■ WHAT IS BEING ASKED
With the pictures removed, write out the data below exactly.

START SUPPLIED DATA

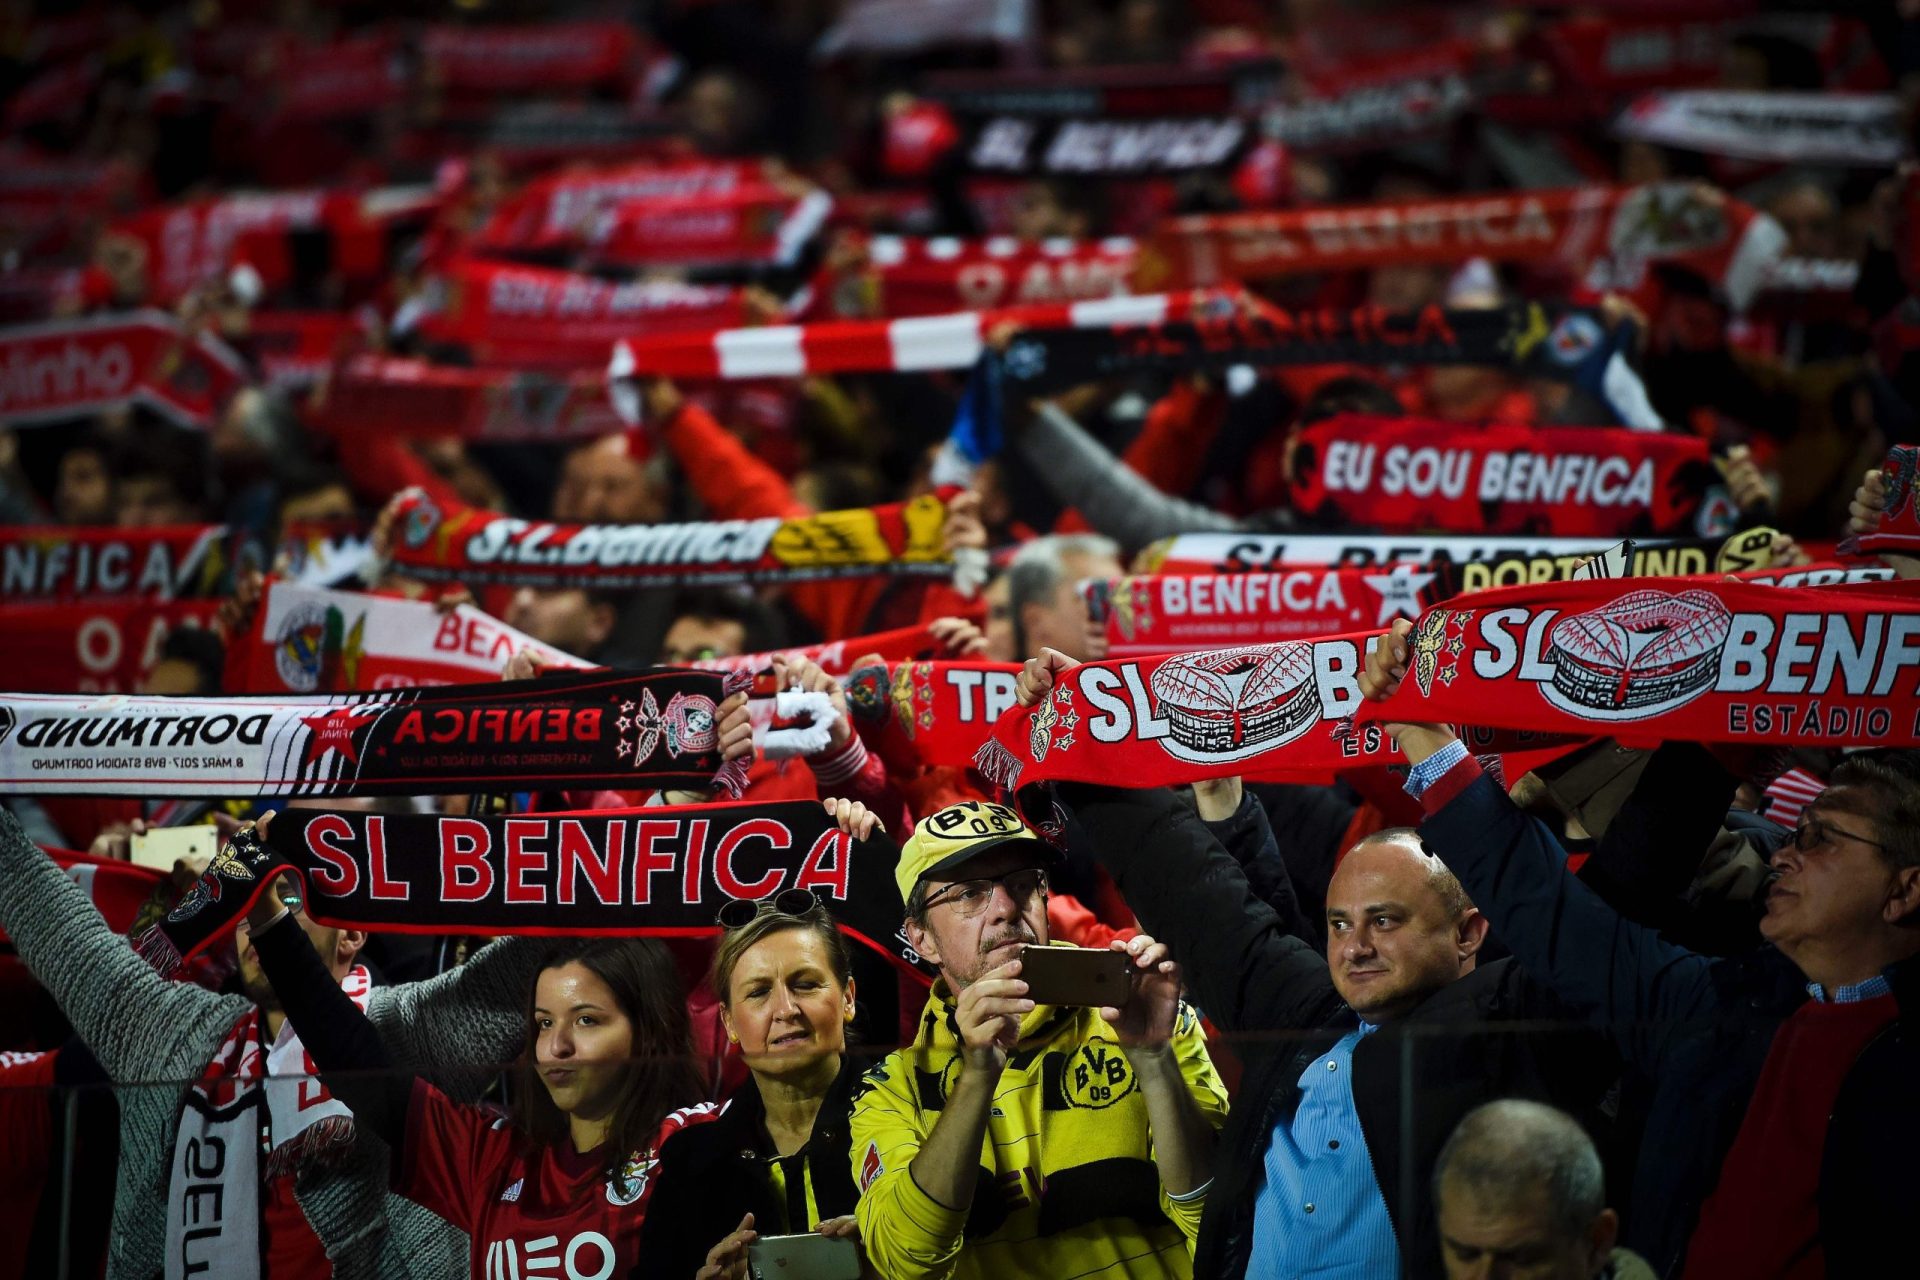 Detidos seis adeptos antes do Benfica-Dortmund
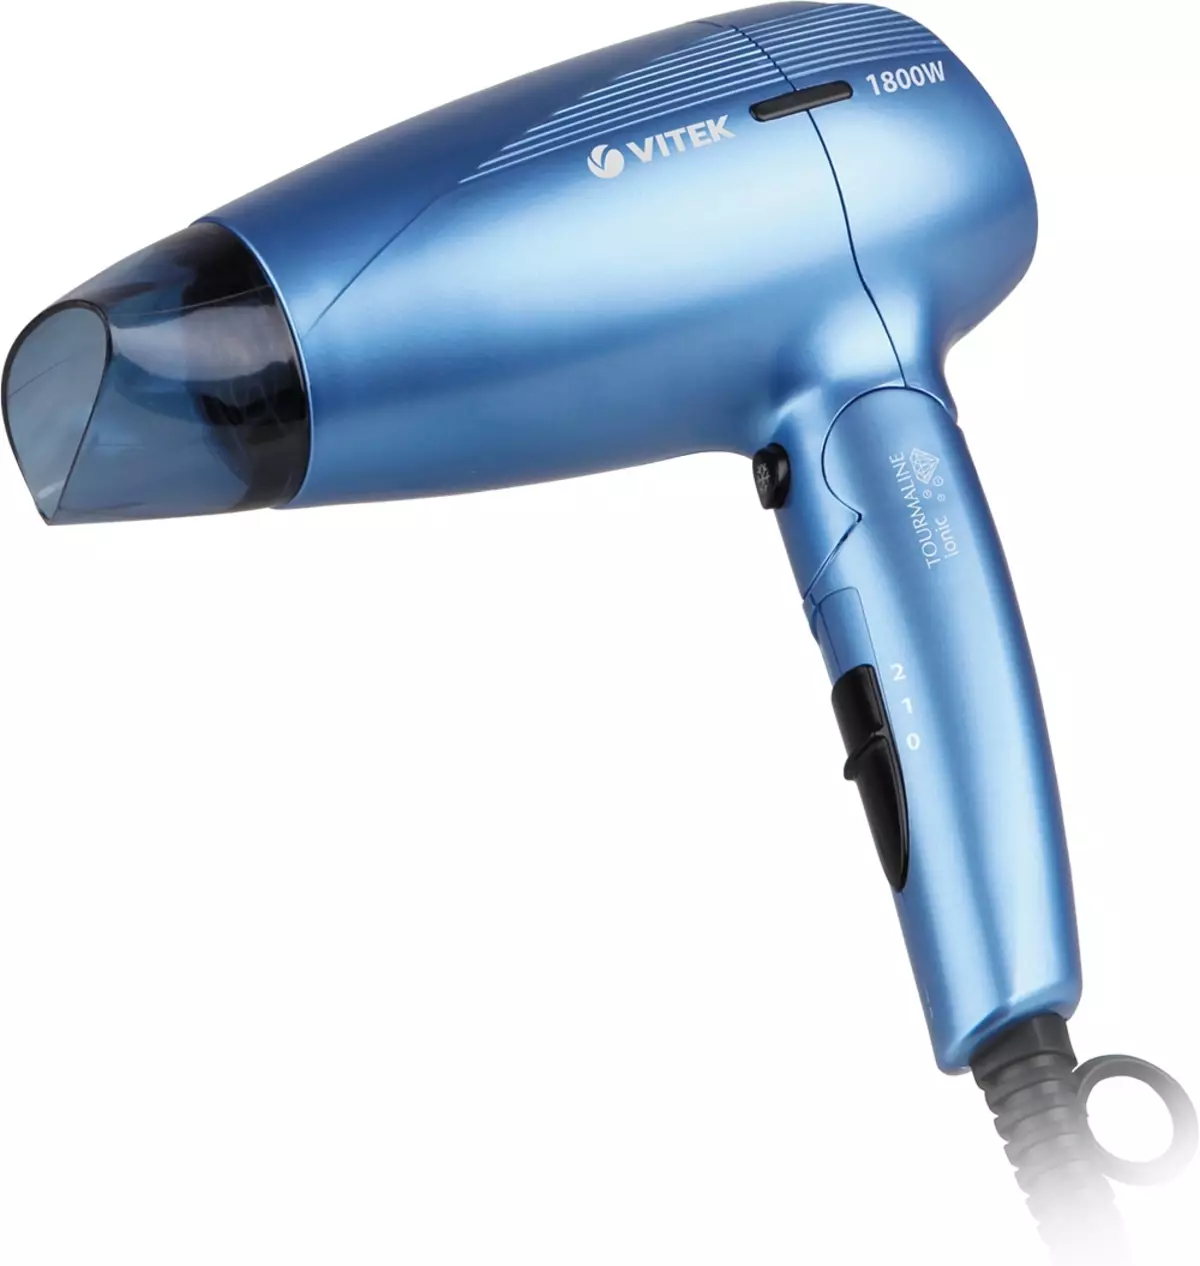 Secadores de cabelo Vitek: modelos com uma escova (pente) para cabelo, difusor e outros. Revisões de revisão 6178_3
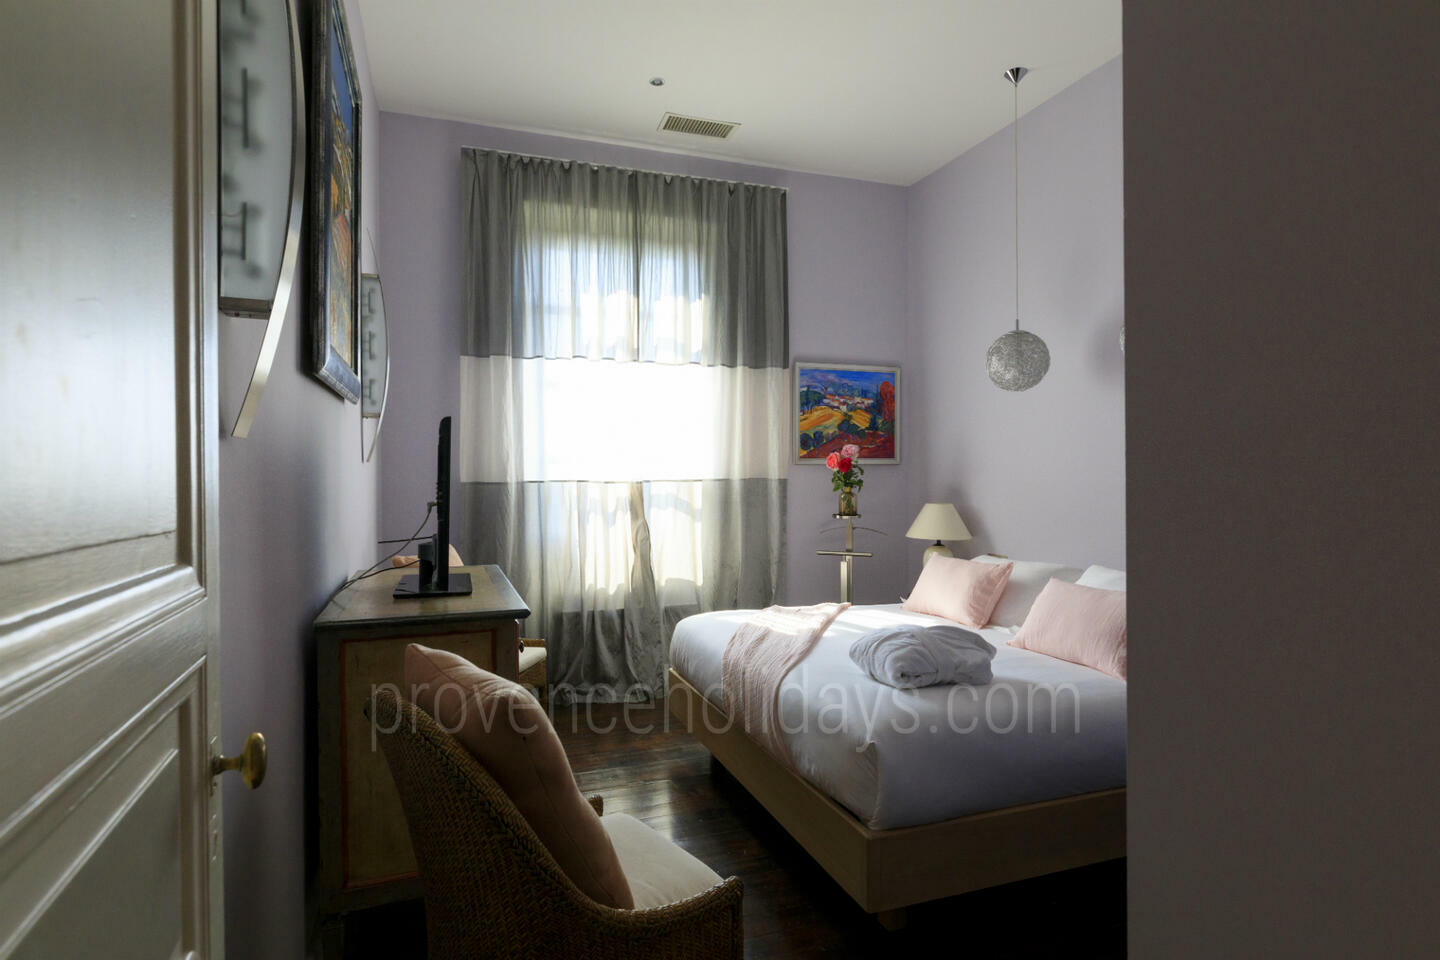 43 - Domaine Bernard: Villa: Bedroom

END SUPPLIED DATA

■ TASK SOLUTION
 Detidos seis adeptos antes do Benfica-Dortmund
 Secadores de cabelo Vitek: modelos com uma escova (pente) para cabelo, difusor e outros. Revisões de revisão 6178_3
 43 - Domaine Bernard: Villa: Bedroom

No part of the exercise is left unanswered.